If your parents are both very short and thin, chances are that you’ll be short and thin too. This would make it more difficult for you to develop that six pack, than it would be for someone whose parents are tall and muscular. This is why it’s important to follow personal fitness advice rather than generalised advice, as each of us responds differently to different exercises. Don’t fall into the trap of comparing your body to other people. Just because a celebrity promotes a fitness product, doesn’t mean it will work for everyone in exactly the same way. 

Your genes are also responsible for your predisposition to injuries. Those of us with a higher injury risk need to take extra precautions when training. For example, some people can train every day, while others require a day or two of rest between gym sessions. This will have an effect on the speed at which you can achieve your fitness goals.

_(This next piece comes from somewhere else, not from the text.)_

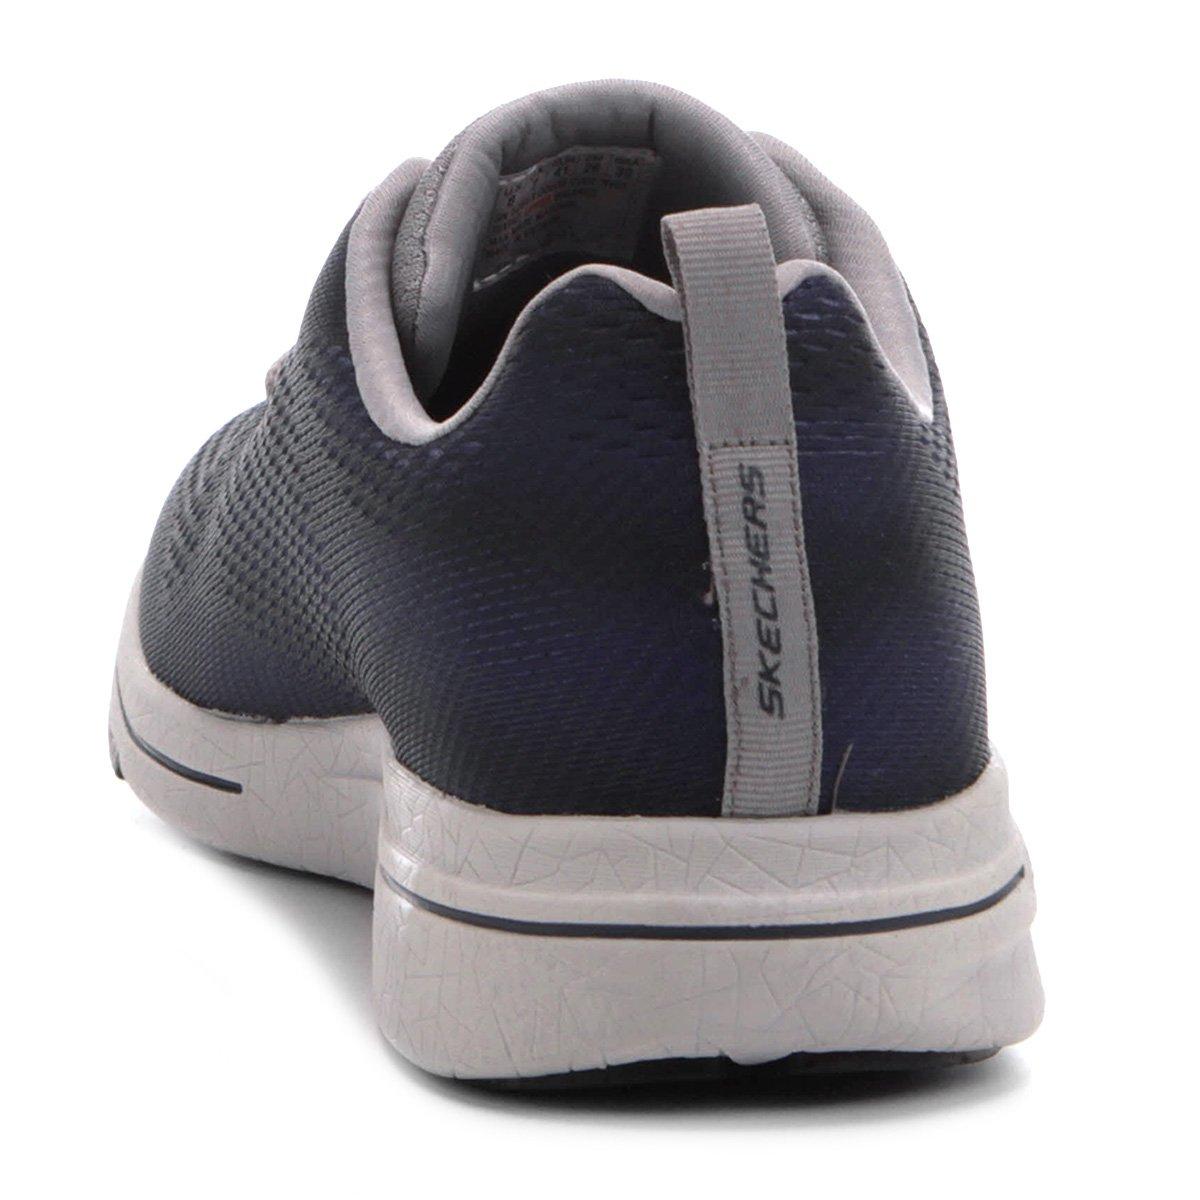 1bb8833ad Tênis Skechers Burst 2.0 Debore Masculino - Shopping TudoAzul

Taking a DNA test, can help you identify which exercises will deliver the best results for your body. By understanding your genes, you can tailor your training programme accordingly. Genetically, our power vs. endurance response sits somewhere on a scale from a high power response, to a mix of the two all the way through to a high endurance response.

If your endurance response score was high, for example, you’d see faster results from low weight, high repetition exercises. This doesn’t mean that you can’t partake in power-based training if that’s what you enjoy. It simply means that you’ll reach your fitness goal faster with more of a focus on endurance training.

 

In conclusion

Upping your daily calorie intake with healthy foods is a great place to start if you want to curb a plateau. The best way to achieve your fitness goals is to combine nature and nurture in the form of genetically matched training and nutrition. When you work with your genes, instead of against them, you’ll have a better chance of achieving long-term success.